Welcome Guest

Search:

Article Submission - SEO Scores » Health-and-fitness » Exercise » Bodybuilding Contest Dieting

Bodybuilding Contest Dieting

View PDF | Print View
by: Guest
Total views: 20
Word Count: 812

These two requirements are somewhat unnatural in that the body prefers to gain both muscle and fat together or lose them together.


As all sports involve a process in which new standards are created, new records set and then every effort possible made to exceed those standards and break those records, in bodybuilding it means extending our conceptions of just how far we can take the development of the human body.
It isn't just what what you have, its also, how you look.


So bodybuilders began to concentrate more and more on dieting.
In trying to diet away fat, competitors were putting themselves on such severe diets that they ended up dieting away a large percentage of their muscle mass.


Shrinking your body by severe dieting is a long way from following a program that will burn fat without much or any loss of lean muscle mass.
The reasons:

1.


2.


Added to this, many bodybuilders have traditionally allowed themselves to bulk up gaining excessive body fat between contests.


Bodybuilders nowadays are beginning to understand the contest dieting process much more clearly.
So the first rule of contest dieting is: Watch your diet all season long so that you are within a few pounds of your contest weight when you start your contest diet.
Training will help you burn off another half-pound.


Many bodybuilders advocate losing your fat early and gaining muscle right up to the contest.


What contest dieting and all other kinds of weight-loss diets have in common is this: To burn off body fat you have to expend more energy than the calories you take in.


We have already discussed the fact that losing body fat has to be accomplished without burning up significant amounts of muscle mass.


All diets involve reduced calories.
But this idea doesn't work for these reasons: When you reduce caloric intake too much, your basal metabolic rate slows and you burn less fat during the day.
Therefore our third rule becomes: The contest diet should be designed to include the fewest calories possible without creating nutritional deficiencies.
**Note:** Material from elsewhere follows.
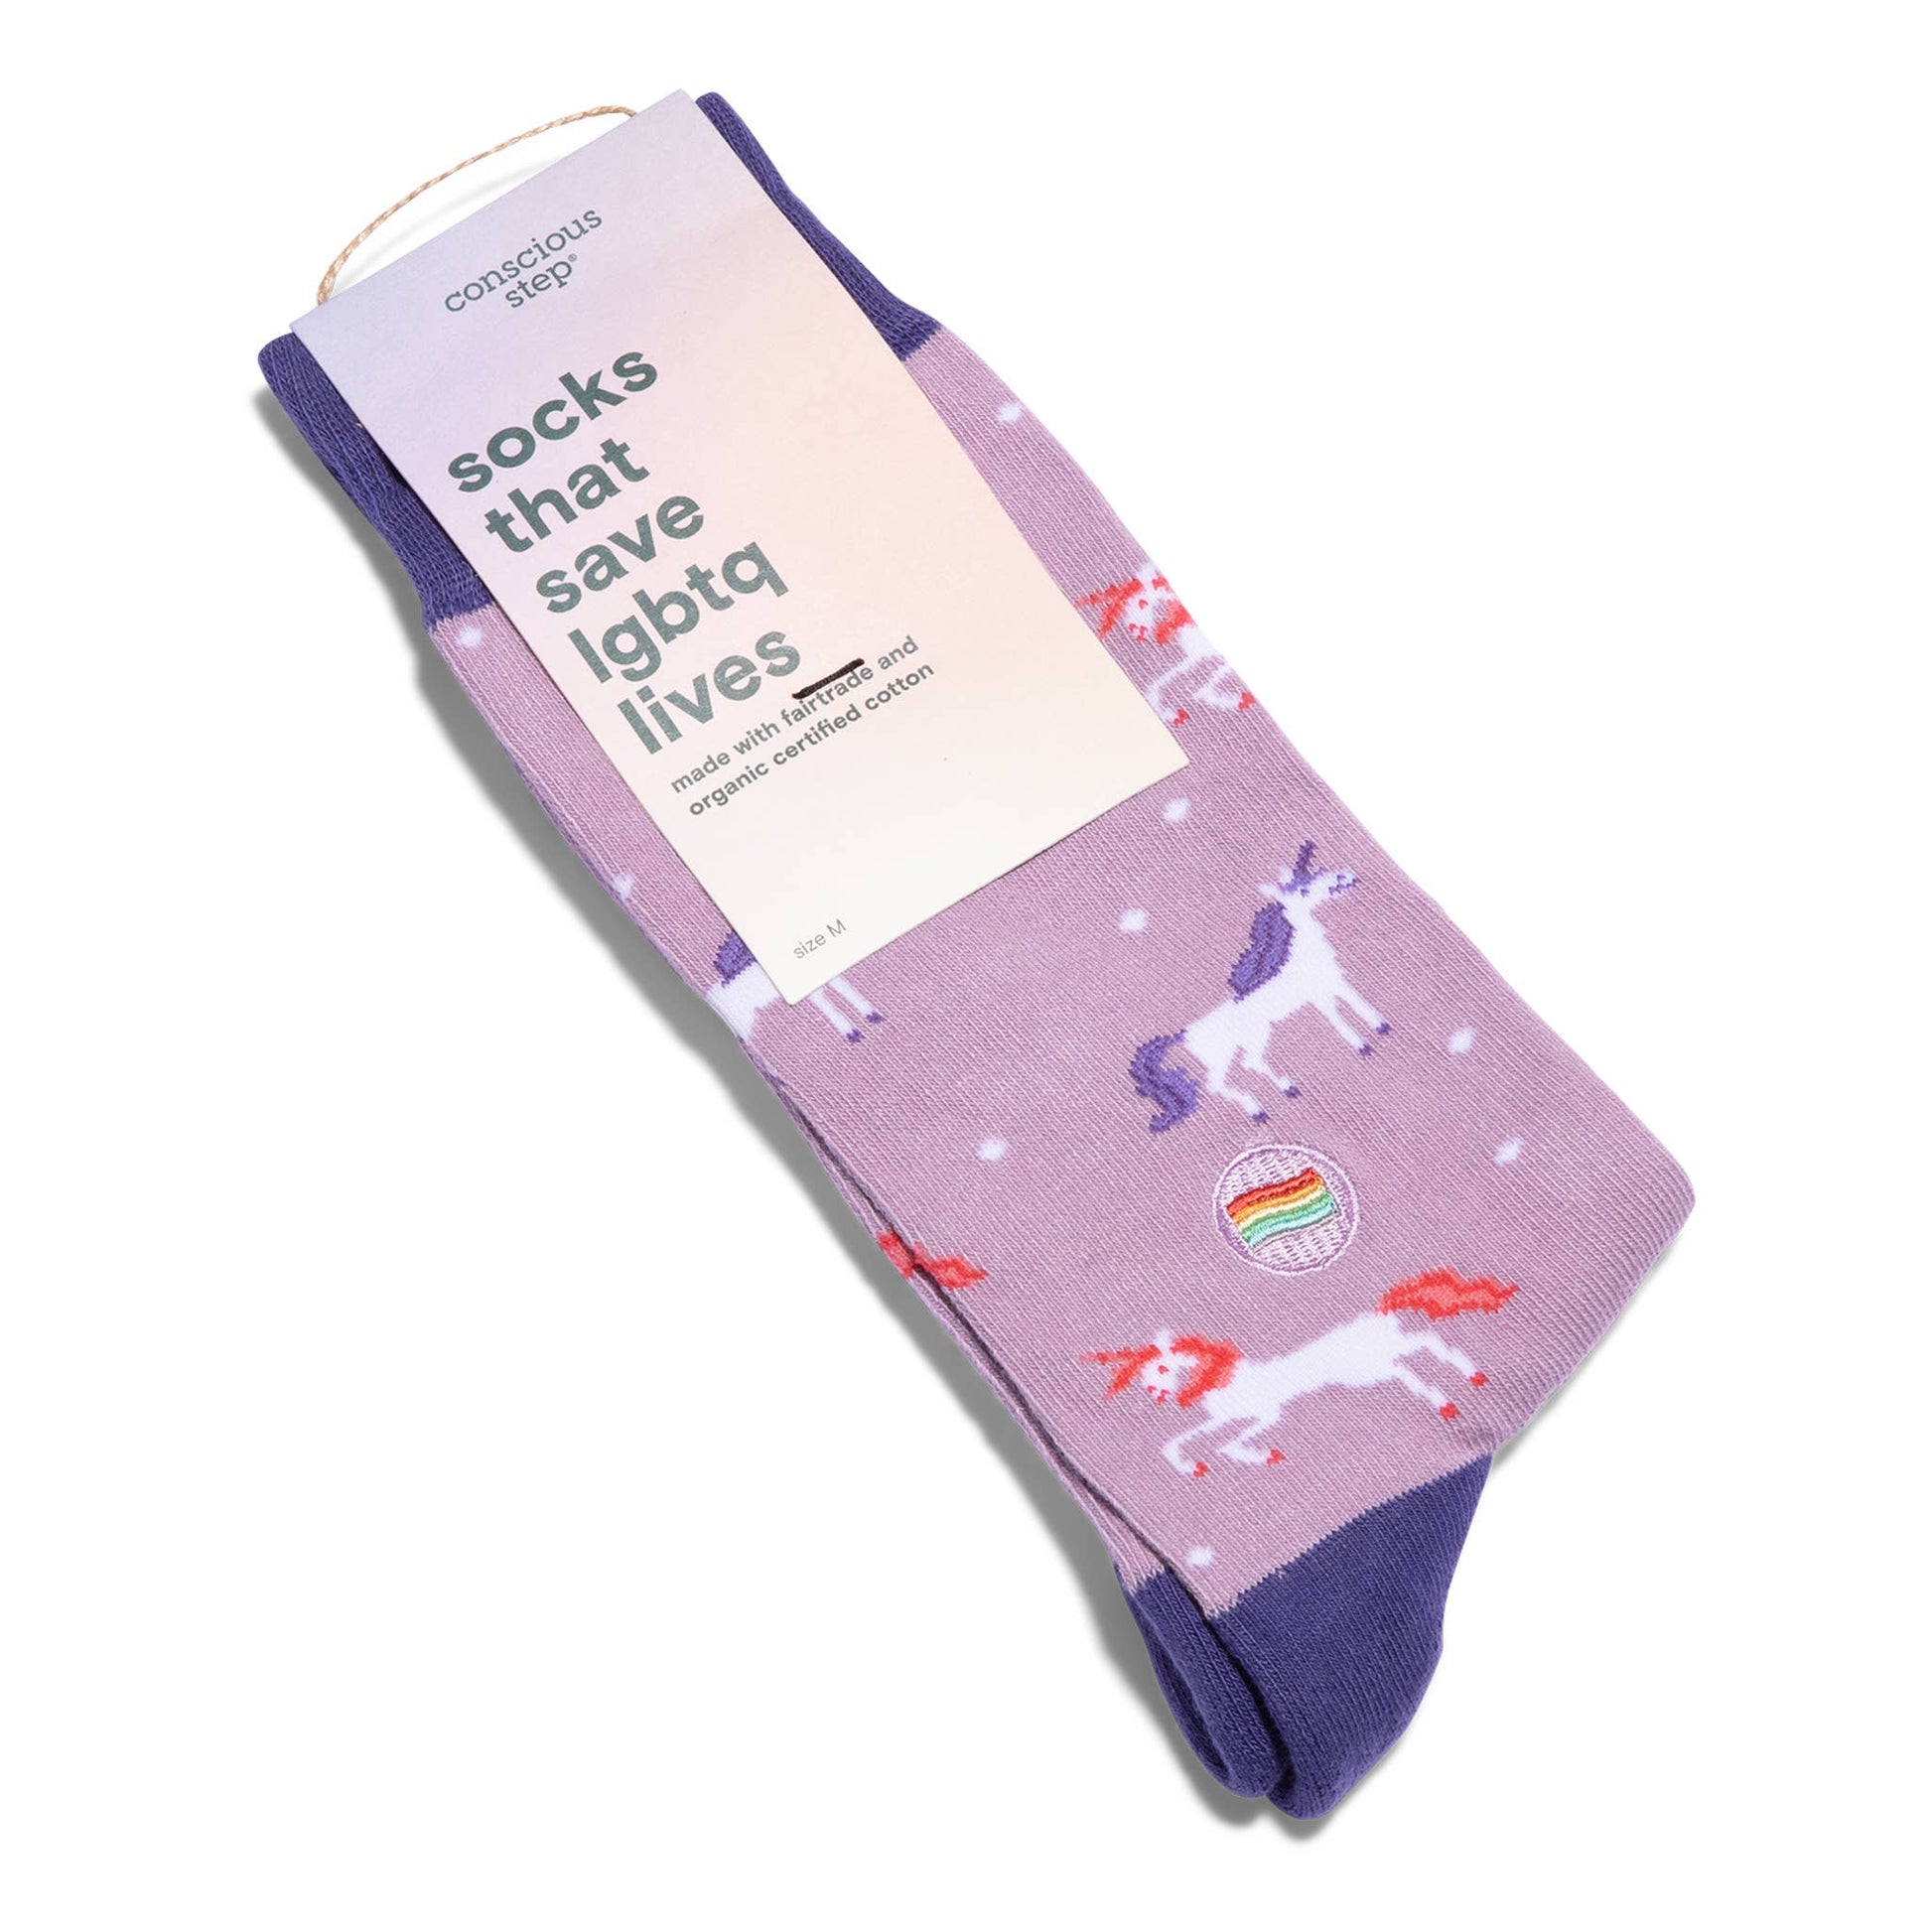 Conscious Step - Socks that Save LGBTQ Lives (Purple Unicorns)  Conscious Step   -better made easy-eco-friendly-sustainable-gifting

As a bodybuilder dieting for a contest you need to reduce your intake of fats as much as possible.
So eating a diet with zero fat content is not advised.
Keep your fats (including oils, bullet, whole dairy, and red meats) to a minimum.
Experts" have been telling us for years that bodybuilders, athletes and human beings in general don't need large amounts of protein, that the RDA of one gram of protein for every kilo (2.


More recent studies show this is not nearly enough for bodybuilders and probably isn't enough even for the average person.


Healthy, hard-training bodybuilders (unless they have certain medical conditions) have little to fear from eating larger amounts of protein.
But if you eat less protein than you need, you have prevented your body from building and maintaining maximum muscle mass.


With protein at a fixed level and fat at a fixed low level, the only variable is carbohydrate.
When you are preparing for a contest, performance involves maintaining muscle while minimizing bodyfat.


Determining how much carbohydrate per day involves not depriving your muscle of carbohydrate.
Obviously, this is not a good diet for bodybuilders when you dehydrate like this your muscles get small and flat.


Carbohydrates, of course, come in all different forms.
Sugar is carbohydrate, as is wine.


Carbohydrate food like sweet potatoes, brown rice, vegetables contain allot of fiber.


Eating high-fiber foods allows you to eat more, feel full, and avoid a feeling of hunger and deprivation without taking in a large amount of calories.
This isn't true.


The purpose of the diet is to lose subcutaneous fat.
But you may also have intramuscular fat in your body, fat that is like marbling you see in an expensive steak.
If you continue to diet past the point where you have gotten rid of your subcutaneous fat, all you will do is make yourself smaller and smaller without getting harder or more ripped.
How could the percentages be so high? Because these were large 200 pound ripped to the bone individuals, and the bigger you are, the more muscle you have, the more intramuscular fat you will have as well.
So keep that in mind as well.
As your muscles fill up with glycogen and water, you suddenly begin to look bigger, more muscular and super ripped.
"I'm holding water," bodybuilders are always saying a few weeks before a contest, but what is really happening is they are dehydrated due to low levels of glycogen but the little water they do have is temporarily positioned subcutaneously.
Nor should you drop your sodium levels except as part of the immediate pre-contest preparation program only three days prior.

About the Author

To learn more about effective body building techiques go to: muscle building techniques


Rating: Not yet rated

Comments

No comments posted.

Add Comment

You do not have permission to comment. If you log in, you may be able to comment.